Apart from all the assumption in Model 2, Model 3 also assumes a first order autocorrelation between the error terms. In simple words, observation far from each other tend to be less correlated.
- Which of mod2 and mod3 is to prefer.
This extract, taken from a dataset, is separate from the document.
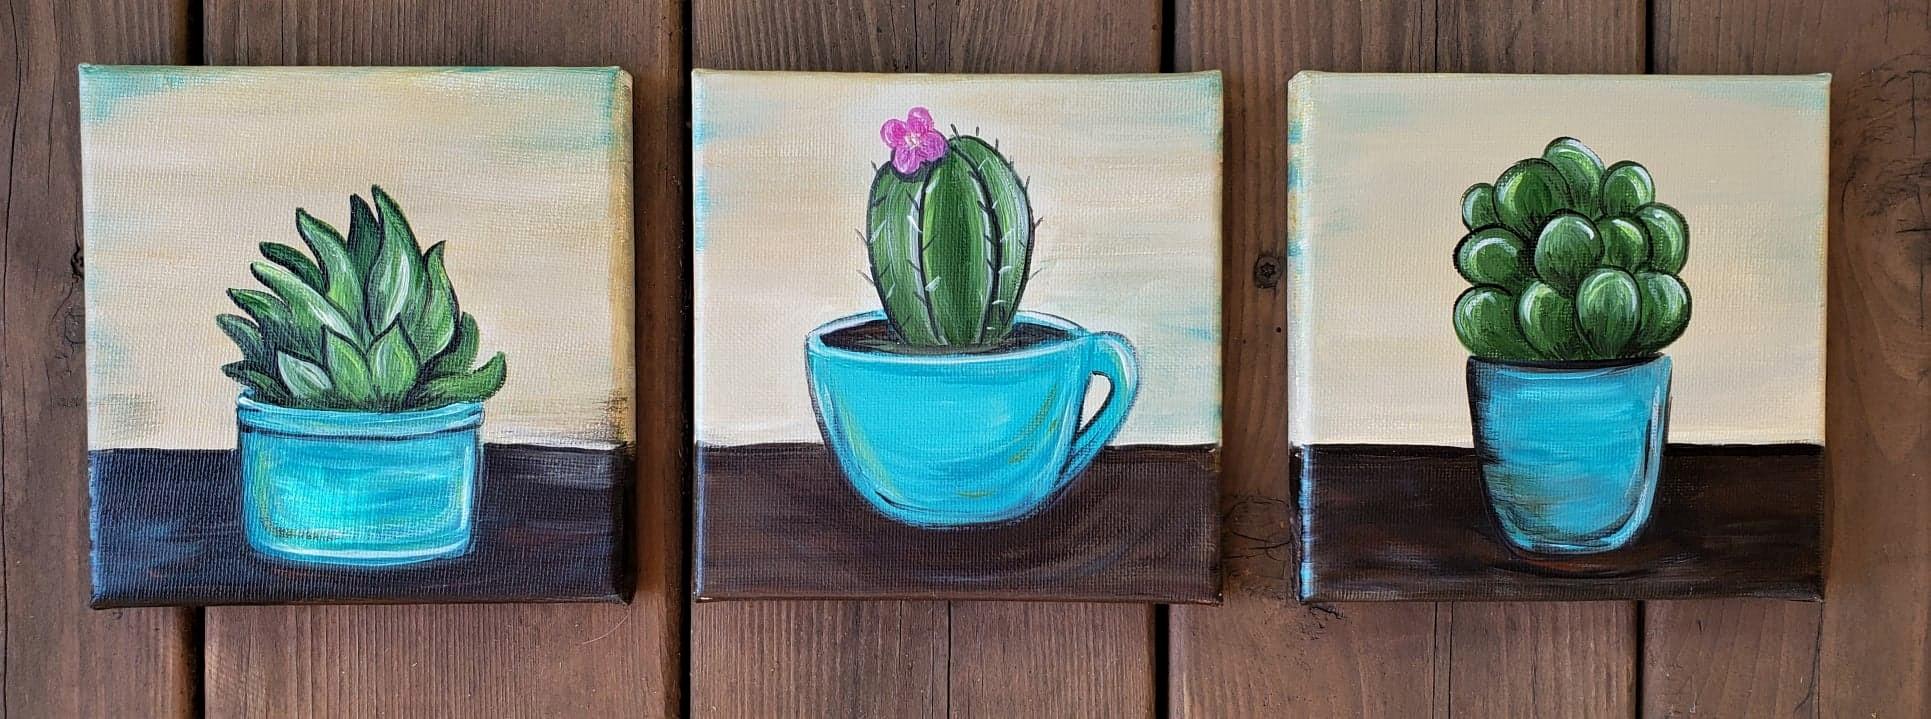 3 succulents.jpg

Explain why based on the output below.
anova(mod2, mod3)
Model df AIC BIC logLik Test L.Ratio p-value
mod2 1 12 610 639 -293
mod3 2 13 611 642 -293 1 vs 2 0.702 0.402
The anova()
function used here returns the result of a likelihood-ratio test (a chi-square test). The null-hypothesis for the test is that the two models fit the data equally well. The p-value is large, and we retain the null-hypothesis. Hence, the extra refinement introduced
in mod3 is not improving the model fit significantly, and we may keep the simpler mod2.